Amsterdam UMC, University of Amsterdam, Gastroenterology and Hepatology, Amsterdam, The Netherlands.
Amsterdam UMC, University of Amsterdam, Medical Library, Amsterdam, The Netherlands.
J Crohns Colitis. 2024 Jun 3;18(6):958-972. doi: 10.1093/ecco-jcc/jjad215.
Crohn's disease [CD] is frequently associated with the development of strictures and penetrating complications. Intestinal ultrasound [IUS] is a non-invasive imaging modality ideal for point-of-care assessment. In this systematic review and meta-analysis we provide a current overview on the diagnostic accuracy of IUS and its advanced modalities in the detection of intra-abdominal complications in CD compared to endoscopy, cross-sectional imaging, surgery, and pathology.
We conducted a literature search for studies describing the diagnostic accuracy of IUS in adult patients with CD-related intra-abdominal complications. Quality of the included studies was assessed with the QUADAS-2 tool. Meta-analysis was performed for both conventional IUS [B-mode] and oral contrast IUS [SICUS].

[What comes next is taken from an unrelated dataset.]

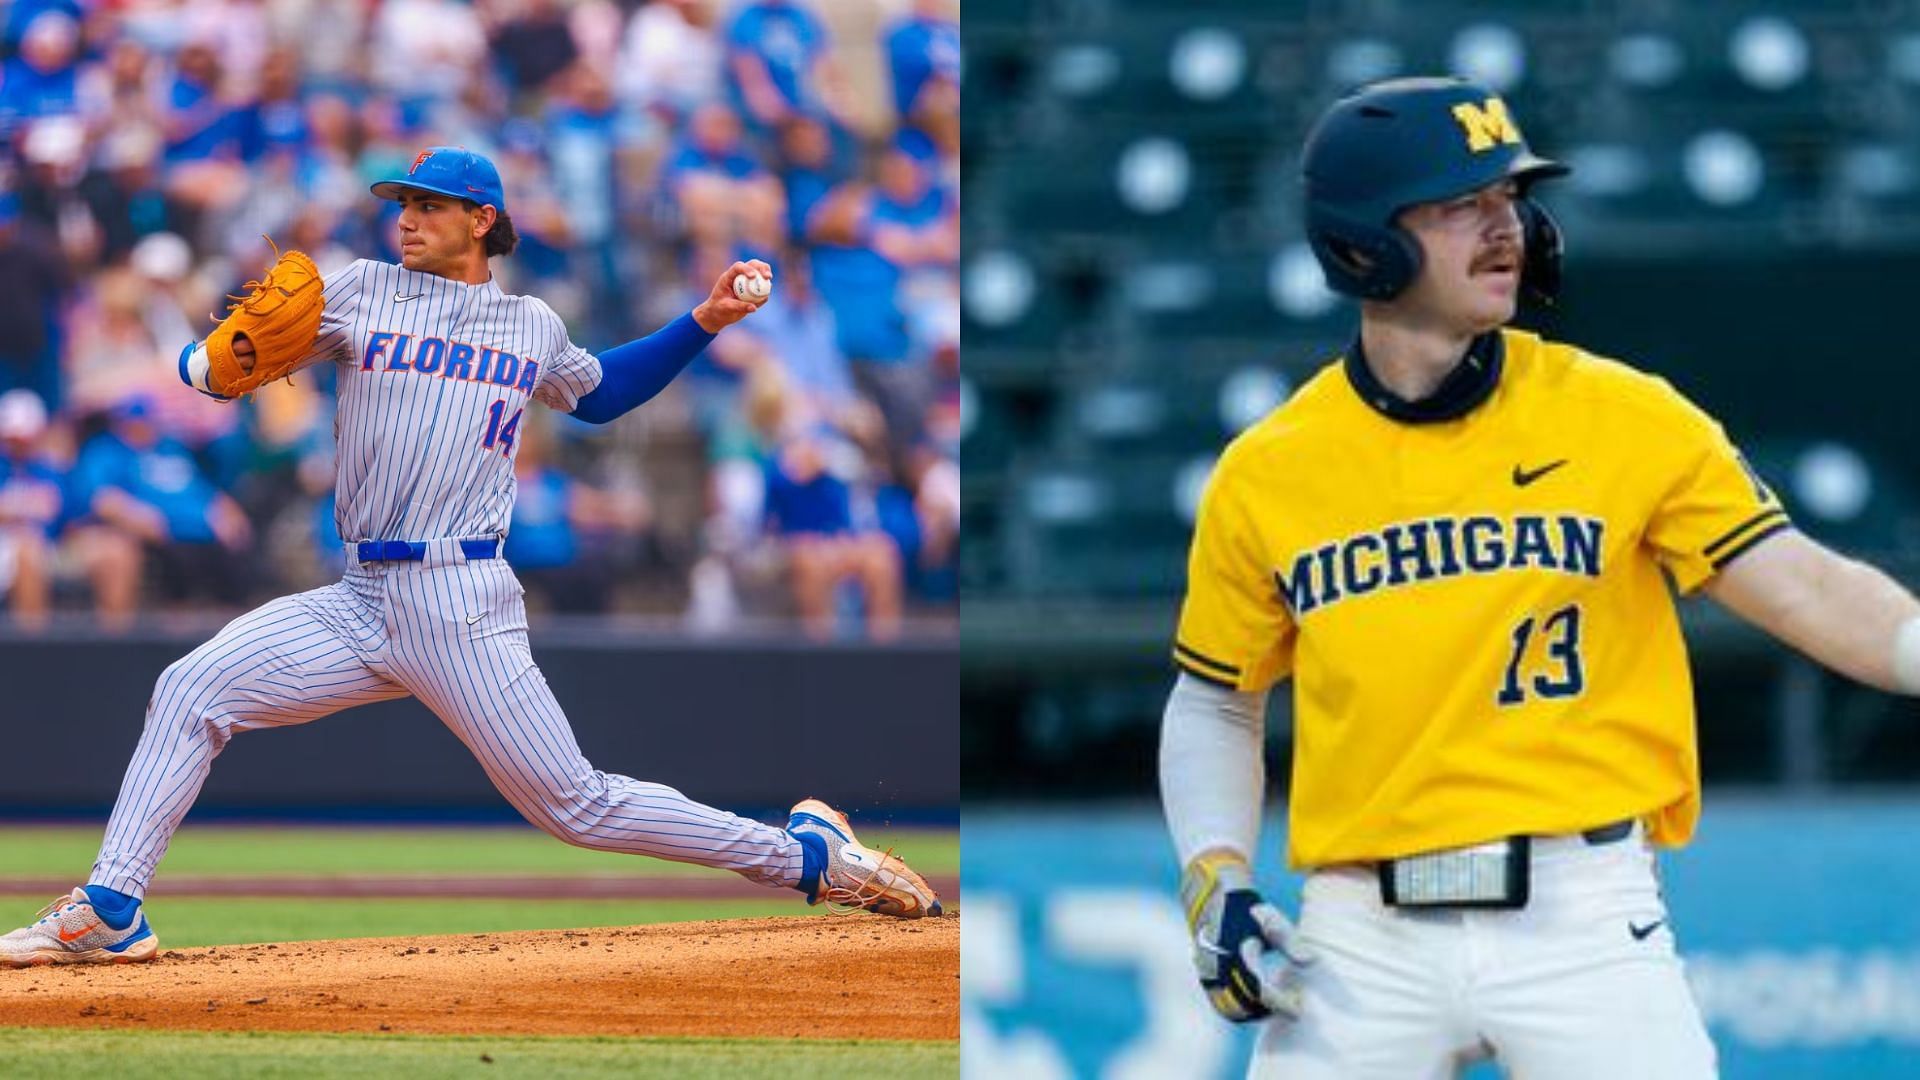 The college baseball belts are making some people confused

Of the 1498 studies we identified, 68 were included in this review and 23 studies [3863 patients] were used for the meta-analysis. Pooled sensitivities and specificities for strictures, inflammatory masses, and fistulas by B-mode IUS were 0.81 and 0.90, 0.87 [sensitivities] and 0.95, and 0.67 and 0.97 [specificities], respectively. Pooled overall log diagnostic odds ratios were 3.56, 3.97 and 3.84, respectively. Pooled sensitivity and specificity of SICUS were 0.94 and 0.95, 0.91 and 0.97 [sensitivities], and 0.90 and 0.94 [specificities], respectively. The pooled overall log diagnostic odds ratios of SICUS were 4.51, 5.46, and 4.80, respectively.
IUS is accurate for the diagnosis of intra-abdominal complications in CD. As a non-invasive, point-of-care modality, IUS is recommended as the first-line imaging tool if there is a suspicion of CD-related intra-abdominal complications.
克罗恩病(CD)常伴有狭窄和穿透性并发症的发展。肠超声(IUS)是一种非侵入性的成像方式,非常适合于即时评估。在本系统评价和荟萃分析中,我们提供了 IUS 及其高级方式在诊断 CD 患者腹腔内并发症方面的最新概述,与内镜、影像学检查、手术和病理学相比。
我们对描述 IUS 在 CD 相关腹腔内并发症的成年患者中的诊断准确性的研究进行了文献检索。使用 QUADAS-2 工具评估纳入研究的质量。对常规 IUS(B 模式)和口服对比 IUS(SICUS)进行了荟萃分析。
在我们确定的 1498 项研究中,有 68 项研究被纳入本综述,有 23 项研究[3863 例患者]用于荟萃分析。B 模式 IUS 对狭窄、炎症性肿块和瘘管的汇总敏感性和特异性分别为 0.81 和 0.90、0.87[敏感性]和 0.95,以及 0.67 和 0.97[特异性]。汇总的总体对数诊断优势比分别为 3.56、3.97 和 3.84。SICUS 的汇总敏感性和特异性分别为 0.94 和 0.95、0.91 和 0.97[敏感性],以及 0.90 和 0.94[特异性]。SICUS 的汇总总体对数诊断优势比分别为 4.51、5.46 和 4.80。
IUS 对 CD 患者腹腔内并发症的诊断是准确的。作为一种非侵入性的即时成像方式,如果怀疑存在 CD 相关的腹腔内并发症,IUS 被推荐作为一线成像工具。